Haque and Sean Cavanaugh, Aledade’s chief policy officer, said the prepaid shared savings will help address a cash flow problem for participants. Access to those funds will alleviate a lag between when ACOs administer care, when they’re paid for it and when they’re able to start the budgeting process for the future.
“Our partner practices are not only medical practices, but they're also small businesses,” Haque said. “In order to succeed in value-based care, it's the work that you do today that perhaps pays you tomorrow. That's the concept of value-based care: You focus on prevention today, and once the clock stops at the end of the performance year, then nine months after that is when you get paid. And in order to succeed, you need to make certain investments in your practices.”
That will be particularly apparent among ACOs that focus on rural or underserved populations, said Deepak Sadagopan, chief operating officer of population health management for Renton, Wash.-based Providence.
Access to prepaid savings will also help participants make upfront investments in health equity and primary care that they might have been unable to do because of budgetary constraints, Sadagopan said.
For instance, Providence took four years to start generating savings, but 10 years into its participation, it’s one of the highest-saving ACOs in the Shared Savings Program, much of which stems from the health equity- and primary care-based infrastructure they laid down in their early years of the program.
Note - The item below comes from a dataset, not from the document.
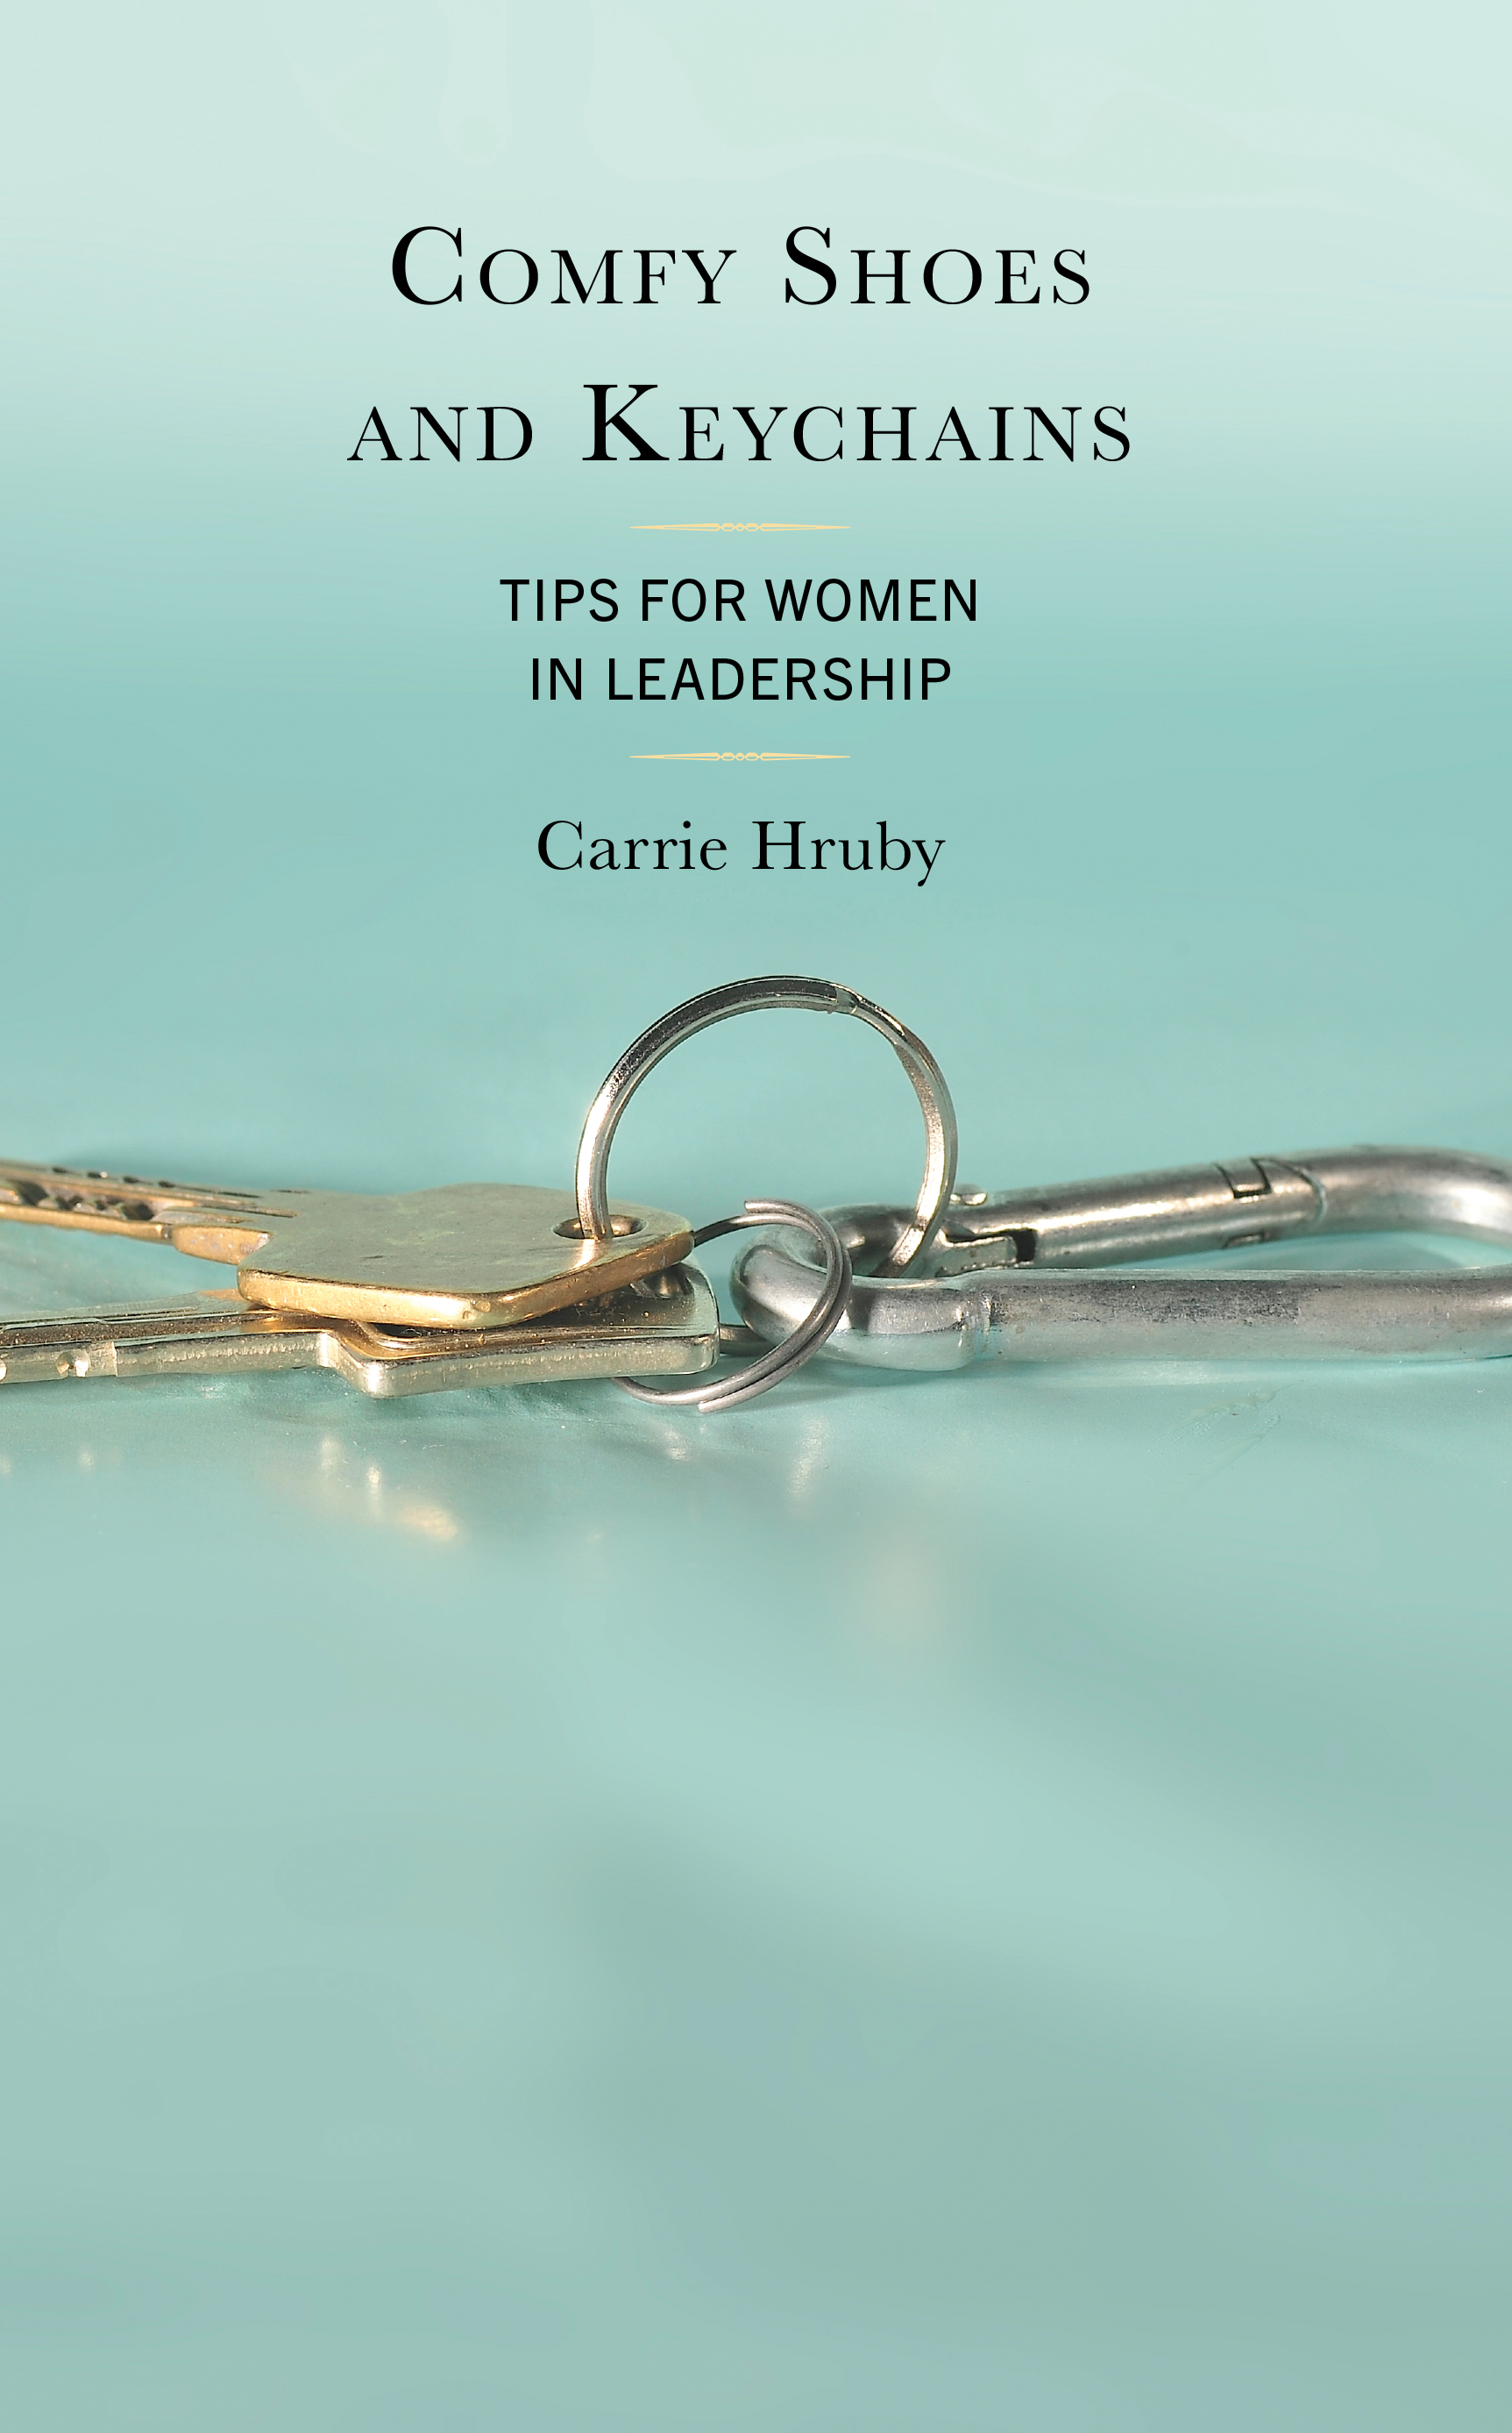 Comfy Shoes and Keychains: Tips for Women in Leadership

That foundation now helps the health system address root causes more efficiently and prevent costlier care down the line, Sadagopan said.
But there’s still more that could be done to keep increasing participants’ success in the Shared Savings Program, including drawing more from ACO REACH, said Dr. Rajiv Patel, CEO of Bluestone Physician Services, which has locations in Florida, Minnesota and Wisconsin.
The biggest worry for physicians across the board is CMS' fifth consecutive round of payment cuts to doctors. Plus, the Shared Savings Program still requires that patients be seen by a physician before they can be attributed to an ACO, which is made more complicated by ongoing physician workforce shortages, Patel said.
“A large portion of our beneficiaries’ primary care providers are nurse practitioners or physician assistants, so this requirement creates logistical challenges, so some Medicare beneficiaries do not get the opportunity to be attributed to our ACO,” Patel said.
Patel said CMS should eliminate that requirement and improve its attribution steps to align them more closely with ACO REACH.